Minister of Municipal Affairs
- In office December 21, 1959 – September 30, 1960
- Preceded by: John Thompson
- Succeeded by: Sterling Lyon

Member of the Legislative Assembly of Manitoba for Pembina
- In office November 14, 1957 – October 2, 1960
- Preceded by: Hugh Morrison
- Succeeded by: Carolyne Morrison

Personal details
- Born: February 25, 1915 Manitou, Manitoba, Canada
- Died: October 2, 1960 (aged 45) Manitou, Manitoba, Canada
- Party: Progressive Conservative Party of Manitoba
- Occupation: Farmer

= Maurice Ridley =

Canadian politician

Maurice E. Ridley (February 25, 1915 - October 2, 1960) was a politician in Manitoba, Canada. He served in the Legislative Assembly of Manitoba as a Progressive Conservative from 1957 to 1960, and was a cabinet minister in the government of Dufferin Roblin.

The son of John Sutherland Ridley, he was born in Manitou, Manitoba, and later worked as a cattle buyer. Ridley served in the Canadian Army during World War II. From 1948 to 1957, he was mayor of Manitou.

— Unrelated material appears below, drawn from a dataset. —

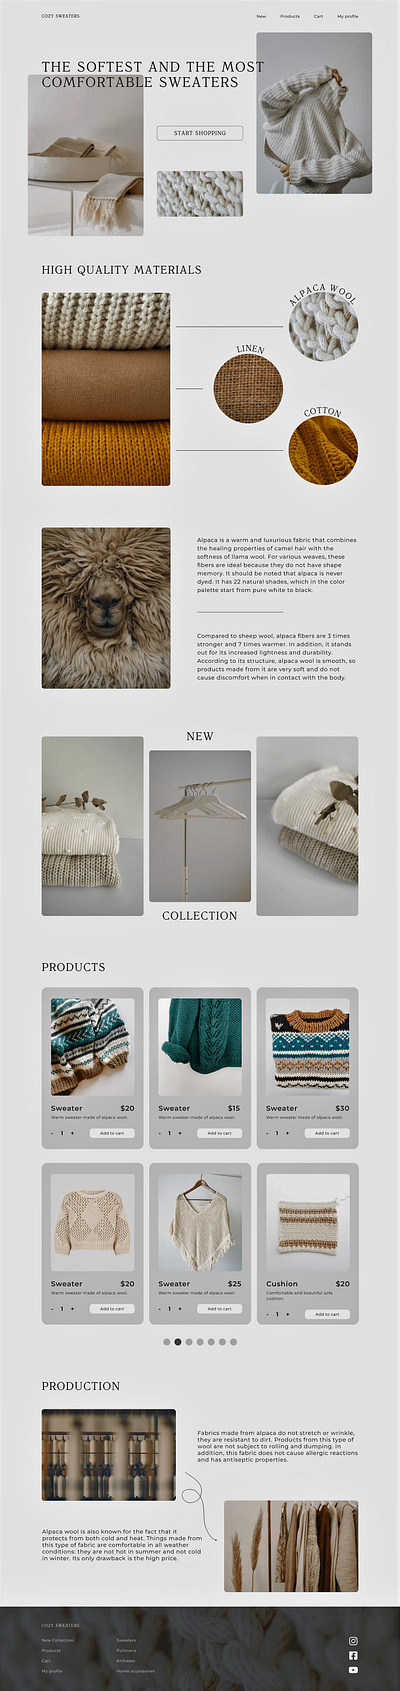 Cozy sweaters, an eCommerce website branding design ecommerce website graphic design illustration logo typography ui ux vector webapp website website design
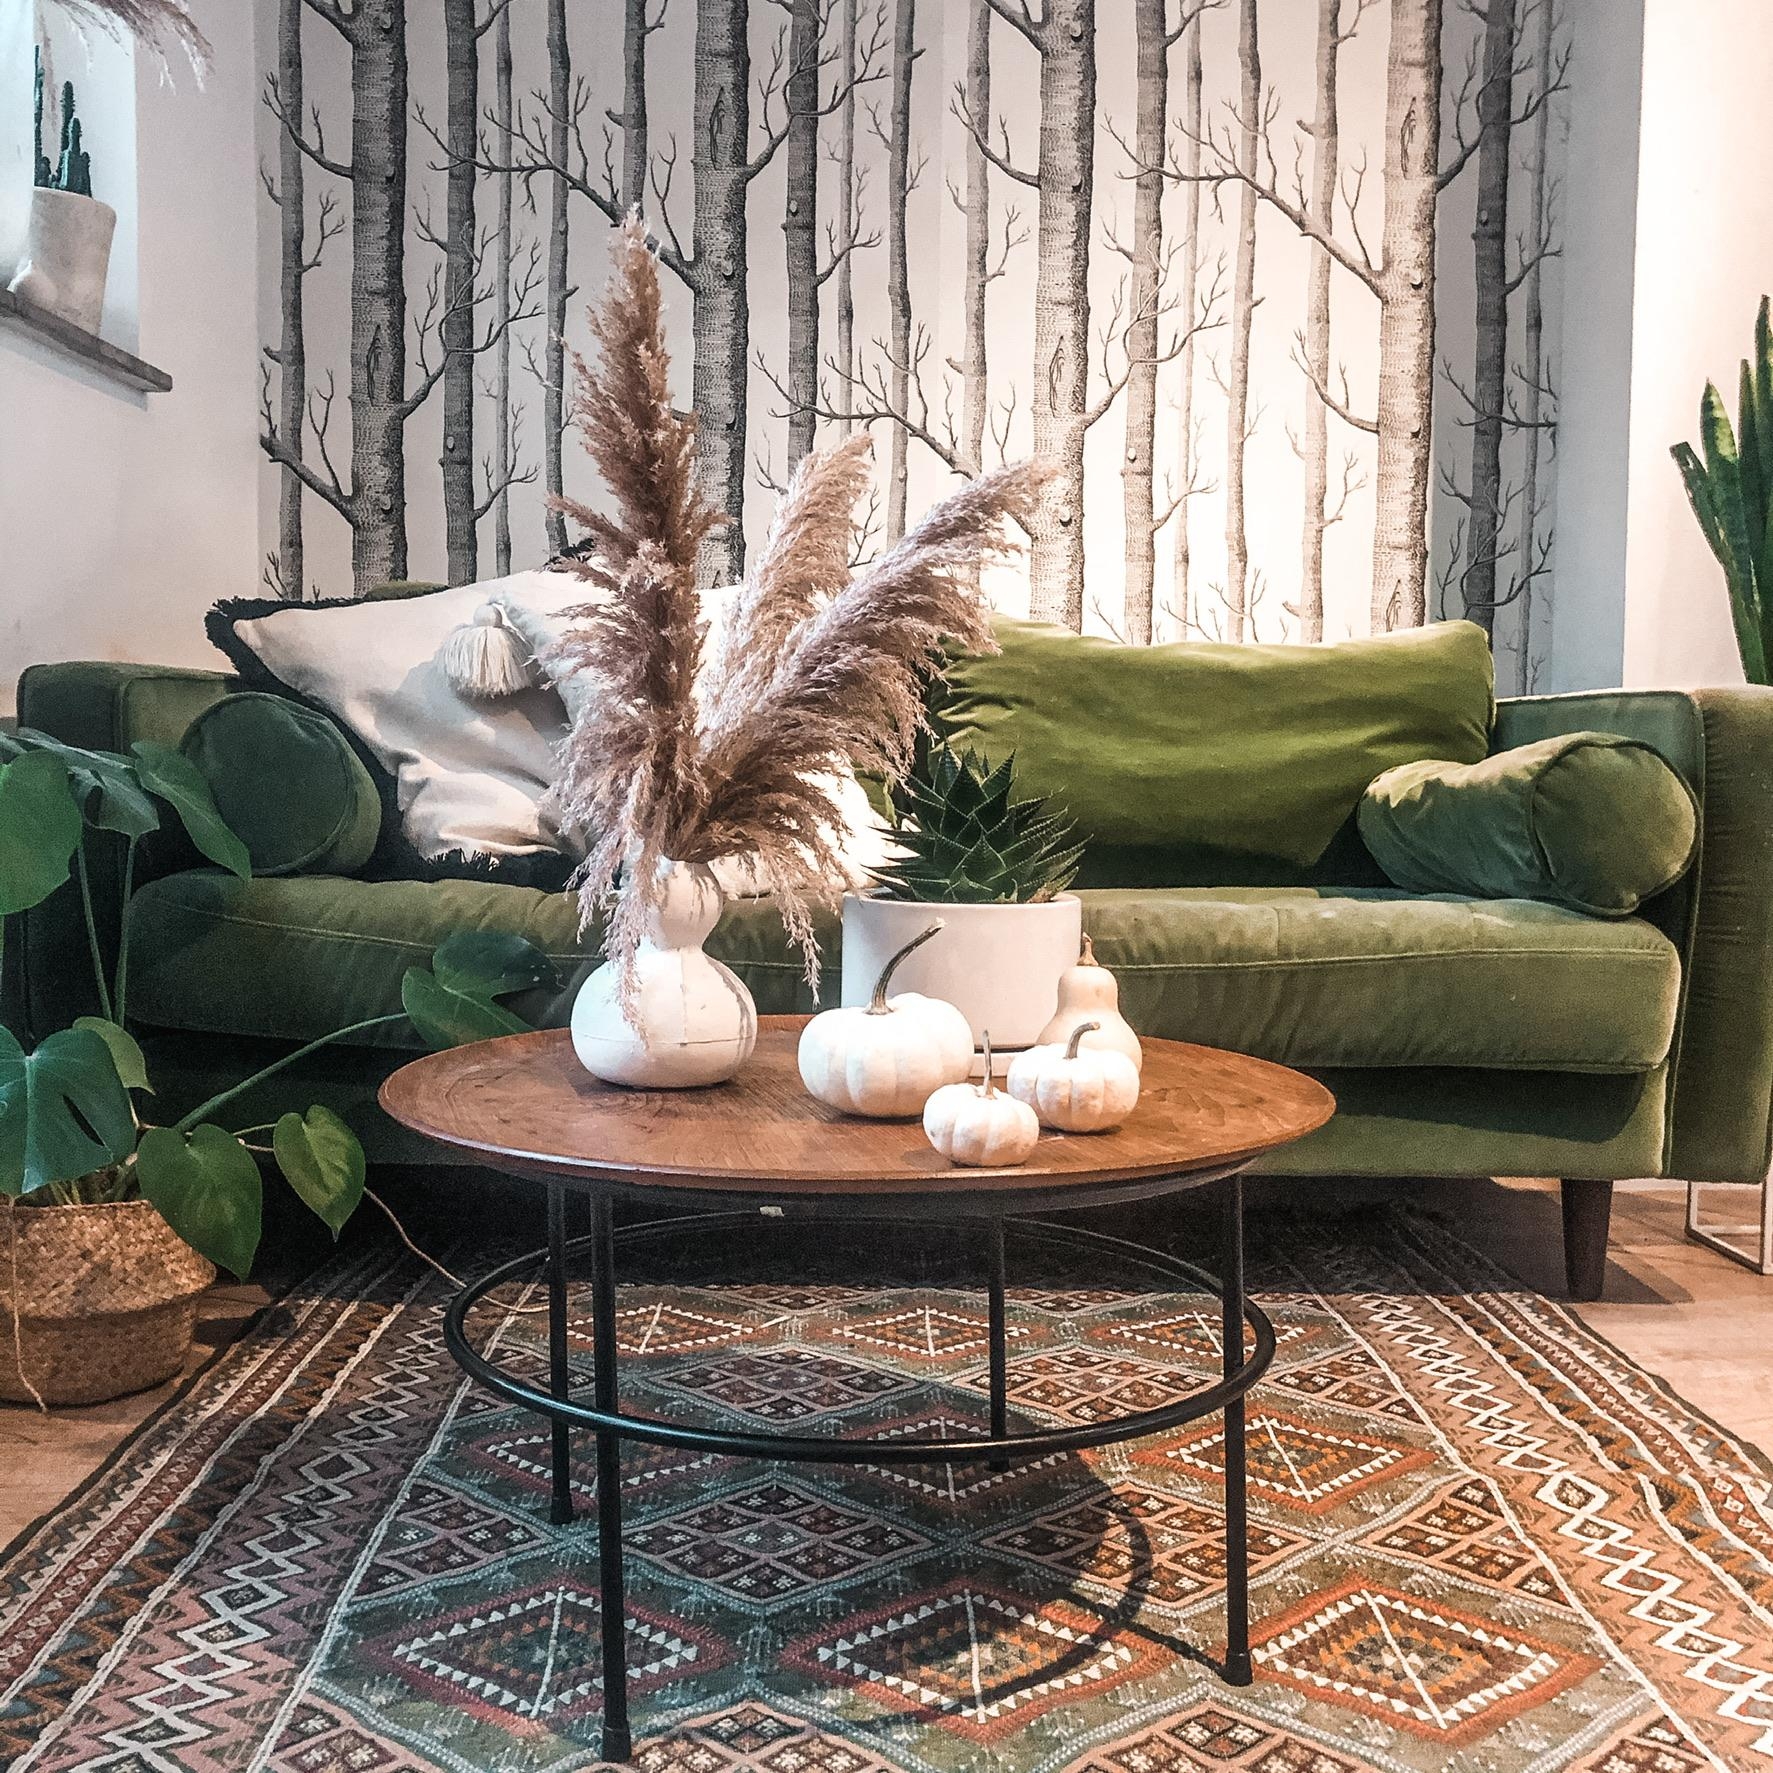 Unsere Lieblingsecke mal wieder mit neuer Deko #samtsofa #grünessofa #lieblingsplatz #interiordesign

Ridley was first elected to the legislature in a by-election held on November 14, 1957, in the constituency of Manitou–Morden. He handily defeated his Liberal-Progressive opponent David Lumgair, in a seat that was considered safe for the Progressive Conservative Party.

He was re-elected in the Pembina riding in the 1958 provincial election, in which the Tories under Dufferin Roblin formed a minority government. Ridley was a government backbencher during this period.

Returned again by a landslide in the 1959 election, he was appointed to cabinet on December 21, 1959, as Minister of Municipal Affairs. His time in office was short, as he died in Manitou in late 1960.